Chanson International Holding (Nasdaq: CHSN) (the "Company" or "Chanson"), a provider of bakery, seasonal, and beverage products through its chain stores in China and the United States, today announced the pricing of a best-efforts public offering (the “Offering”) of 8,980,251 Class A ordinary shares (“Class A Ordinary Shares”) of the Company, and 8,980,251 common warrants (“Common Warrants”) to purchase 8,980,251 Class A Ordinary Shares, at a combined offering price of $0.81 per share and accompanying warrant. The Common Warrants have an exercise price of $0.972 per share. The Company expects to receive aggregate gross proceeds of $7.274 million from the Offering, before deducting offering expenses and commissions, excluding the exercise of any Common Warrants.
The Offering is expected to close on or about September 17, 2024, subject to the satisfaction of customary closing conditions. The Company intends to use the net proceeds from the Offering for opening new stores in China and in the U.S.
Joseph Stone Capital, LLC is acting as the exclusive placement agent for the Offering.
A registration statement on Form F-1, as amended (File Number: 333-281732) relating to the Offering was filed with the U.S. Securities and Exchange Commission (the “SEC”), and was declared effective by the SEC on September 12, 2024. The Offering is being made only by means of a prospectus that forms a part of the registration statement. A final prospectus relating to the Offering will be filed with the SEC and will be available for free on the SEC's website, located at www.sec.gov. Copies of the prospectus, when available, may be obtained from: Joseph Stone Capital, LLC, 29 Broadway, #1800, New York, New York, 10006, or by email at corporatefinance@josephstonecapital.com, or by calling 888-302-5548.

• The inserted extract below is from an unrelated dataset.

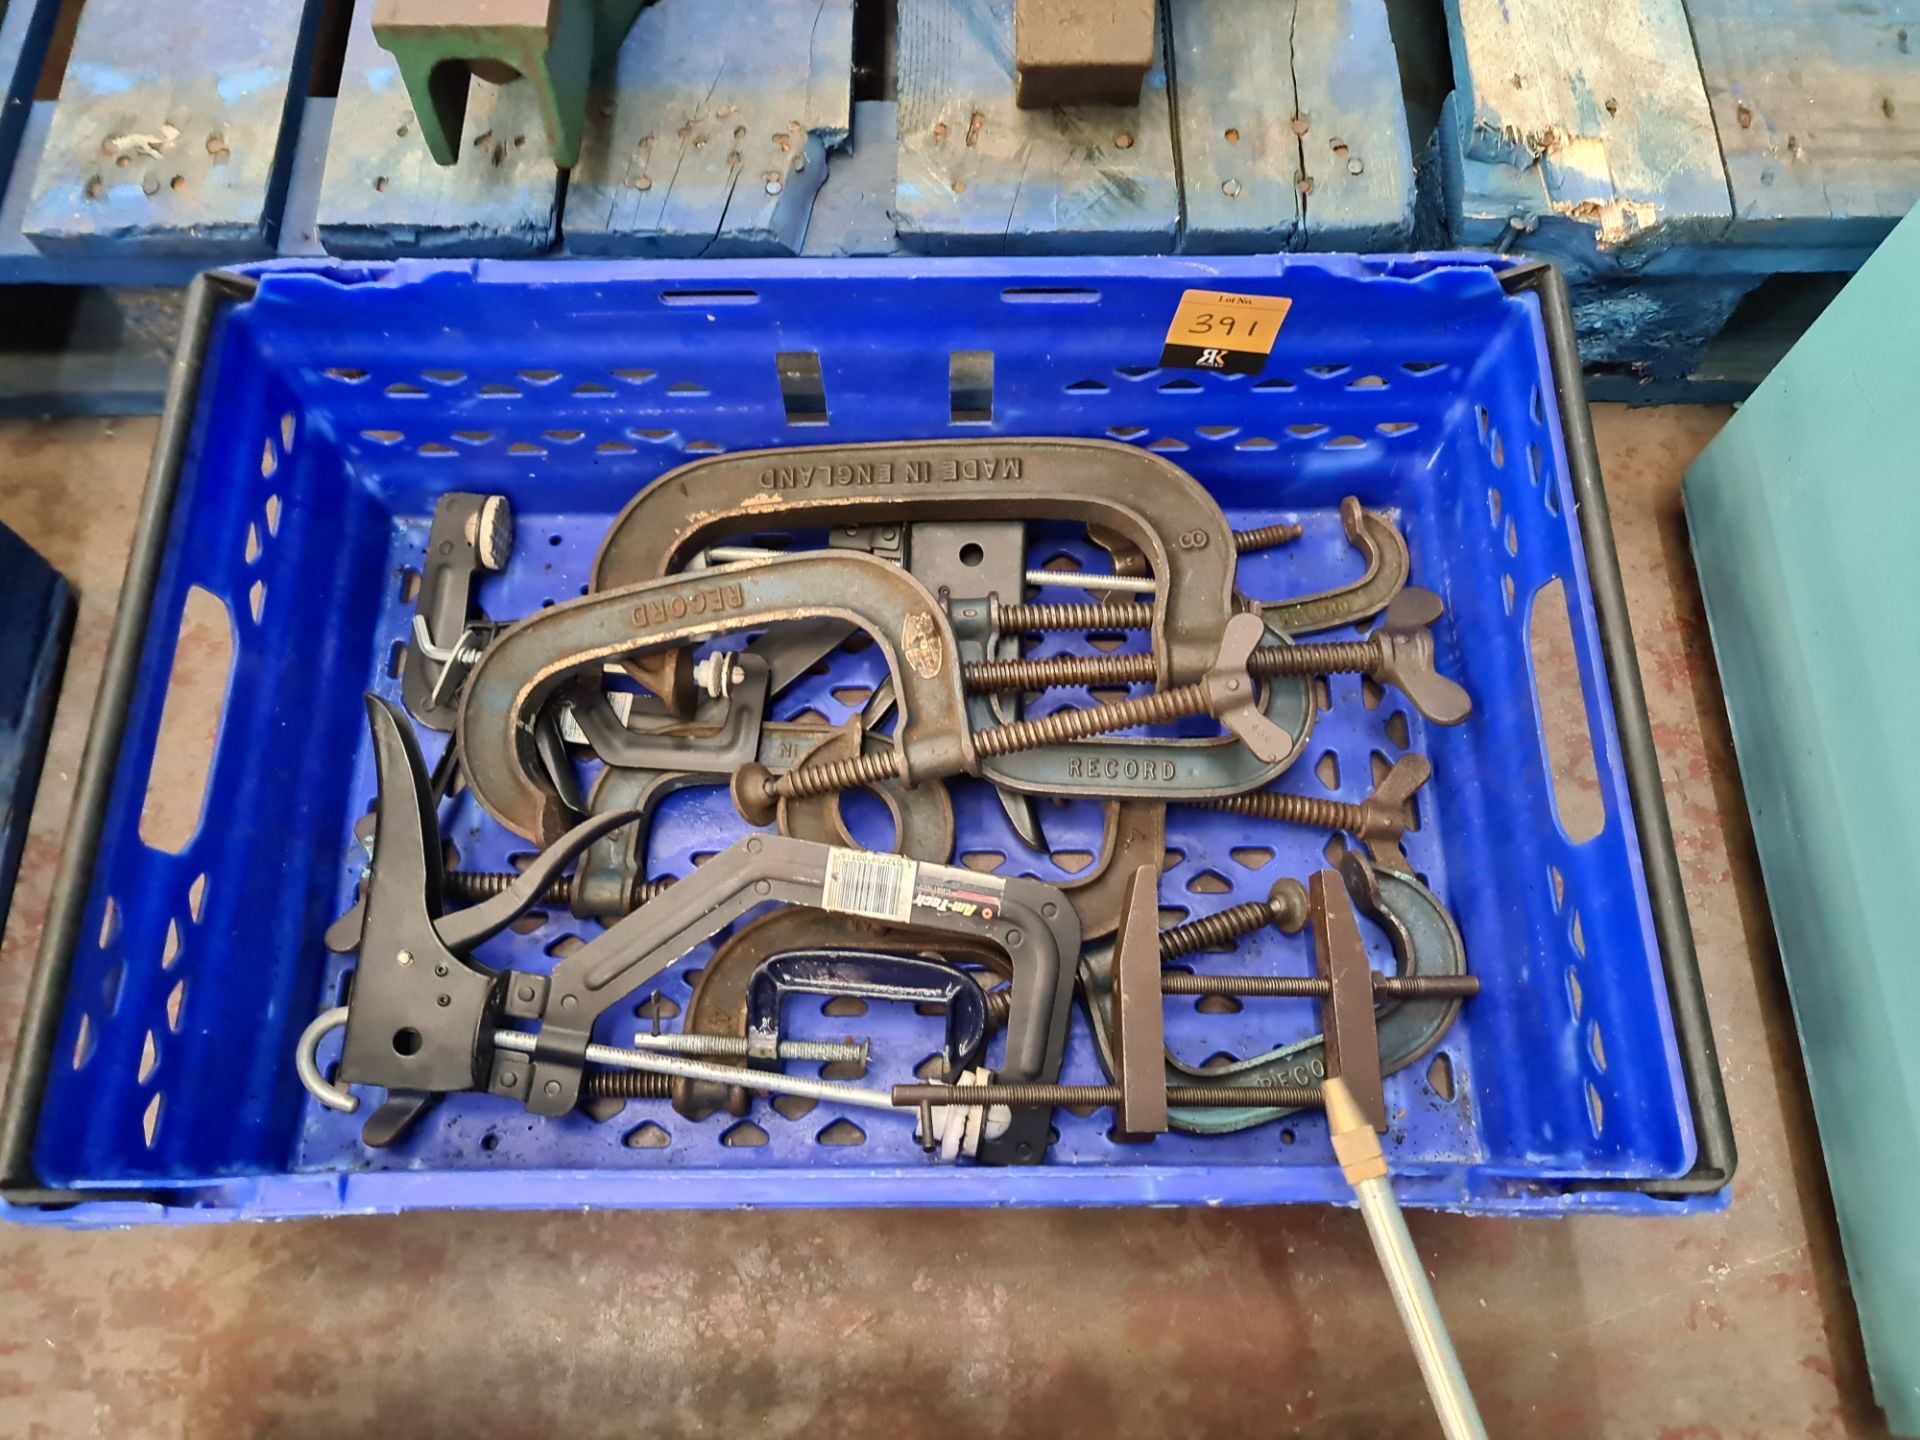 Contents of a crate of clamps - crate excluded
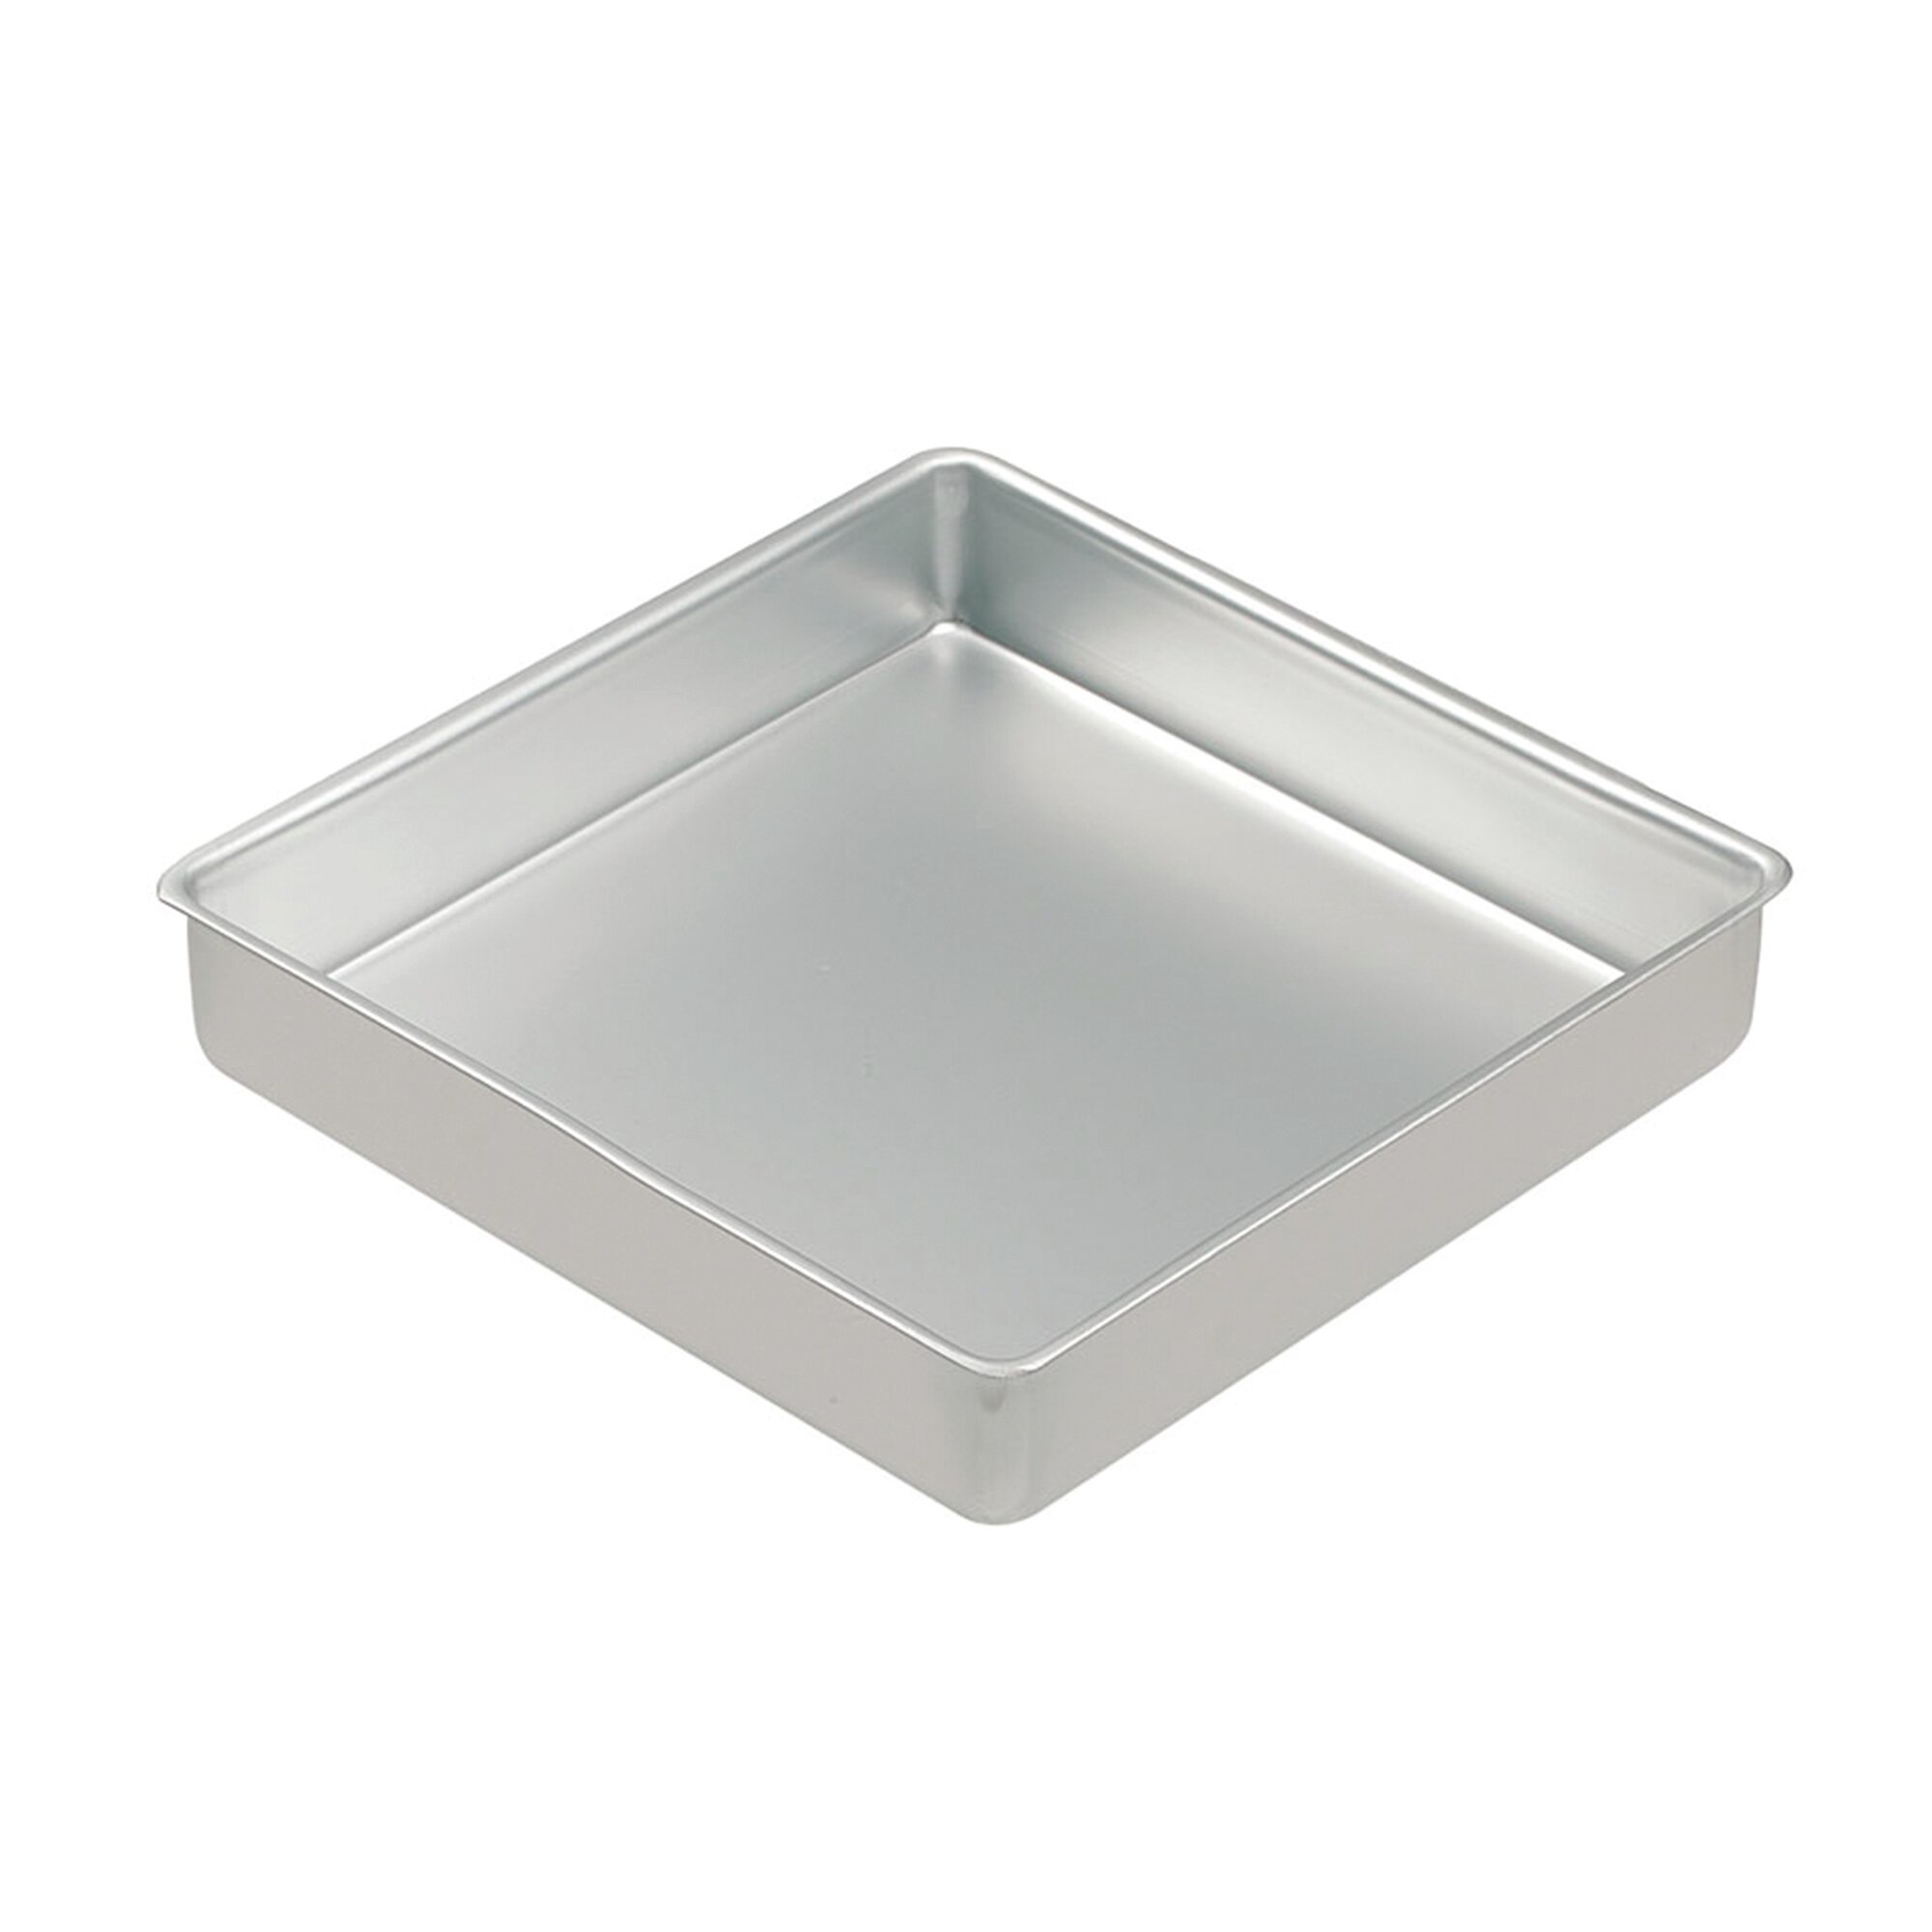 10x3 1/4 inch Round Cake Tin with Solid Base | Silverwood Bakeware

Before you invest, you should read the prospectus and other documents the Company has filed or will file with the SEC for more information about the Company and the Offering. This press release does not constitute an offer to sell, or the solicitation of an offer to buy any of the Company's securities, nor shall there be any offer, solicitation or sale of any of the Company's securities in any state or jurisdiction in which such offer, solicitation or sale would be unlawful prior to registration or qualification under the securities laws of such state or jurisdiction.